Abstract

The clinical course of 195 cases of myasthenia gravis was studied. Among them, 90 myasthenia patients received thymectomies, and of these, thirty cases of thymoma were pathologically proven. The incidence of thymomatous myasthenia gravis in these thymectomized patients was 33.3%. The average age of these 30 cases was 44.4±14.2 years and the sex ratio was almost equal. Their onset age was at 42.2±14.6 years. Before thymectomy, the clinical severity of 89.7% of thymoma patients were of a generalized type, especially typeⅡb, Ⅲ or Ⅳ. Compared with the two groups of thymic hyperplasia and hypoplasia, thymoma patients had a later onset with an equal sex distribution, and manifested a more severe myasthenia. The thymoma may be detected on radiological examination of the chest, especially by mediastinal CT scan. But in 16% of cases, the tumors were so small that they were found only after thymectomy.
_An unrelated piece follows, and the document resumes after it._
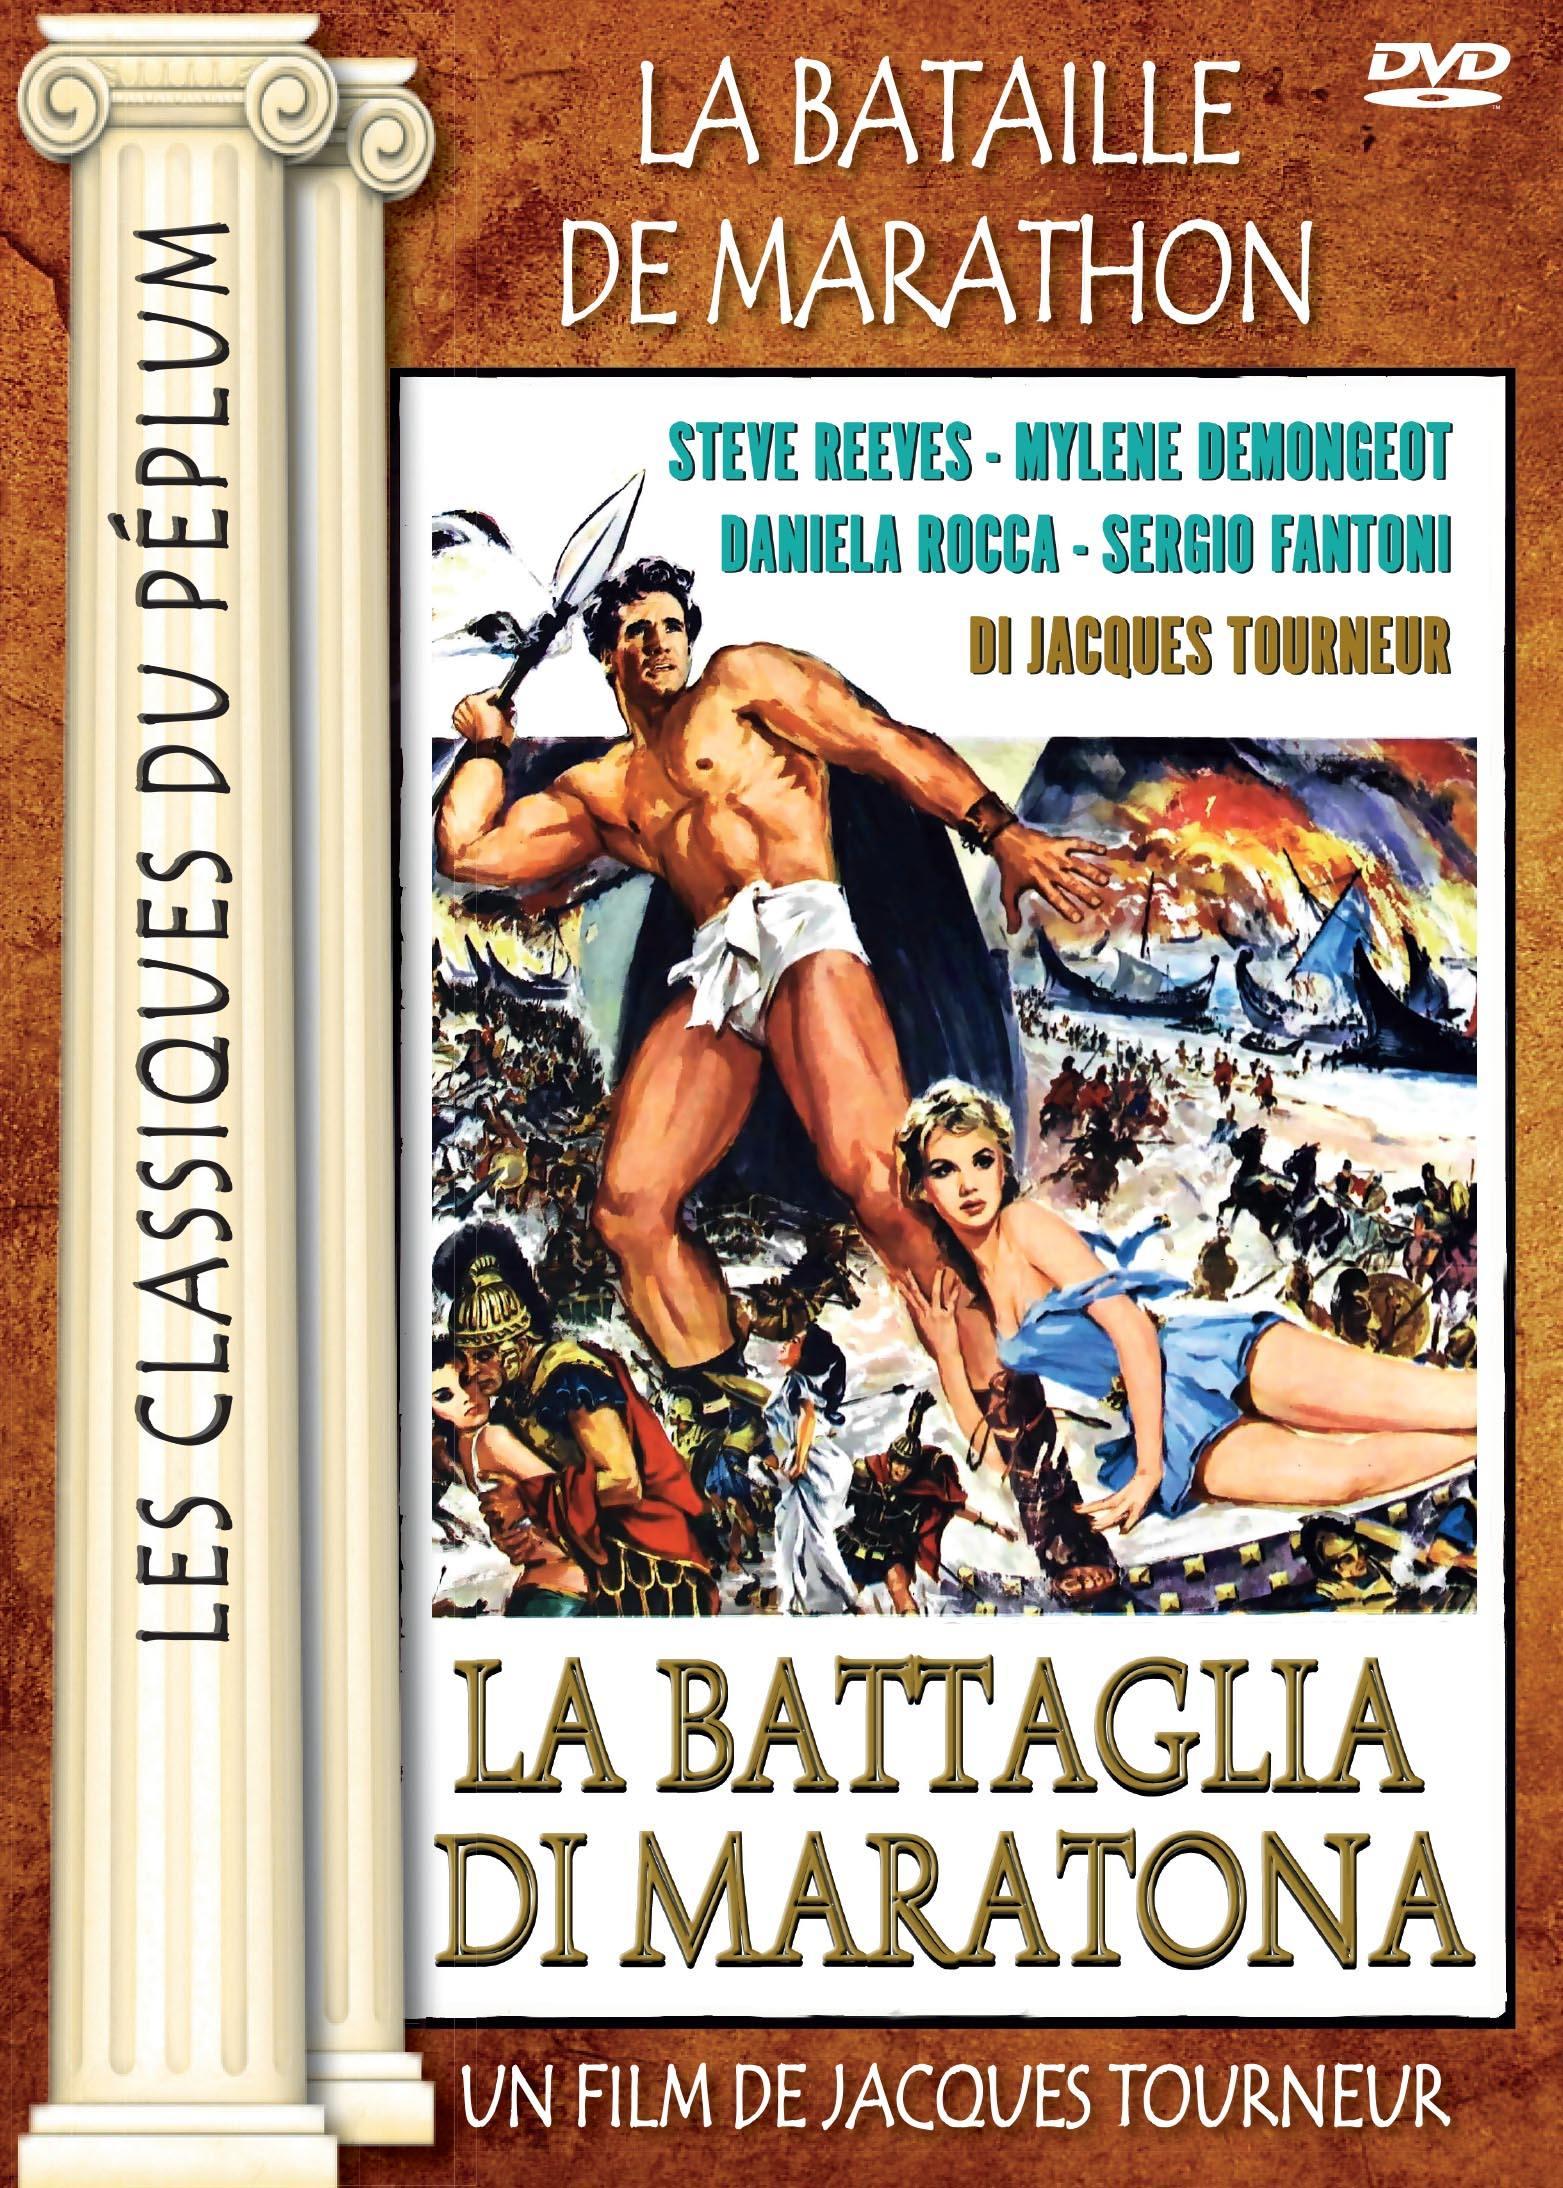 Bataille de marathon (la) - dvd

All patients underwent maximal thymectomy. The pathology of the thymus in these patients was predominantly of the lymph-epithelial type. Four cases (13.3%) were malignant thymoma and received radiation therapy after thymectomy. The histology of the tumor seemed to have no relationship to the severity of the myasthenia gravis. On follow-up of the showed improvement; 13.8% were in the state of remission; 65.5% showed improvement; 13.3% were unchanged and the mortality rate was 6.8%. Postoperative improvement was either immediate or gradual.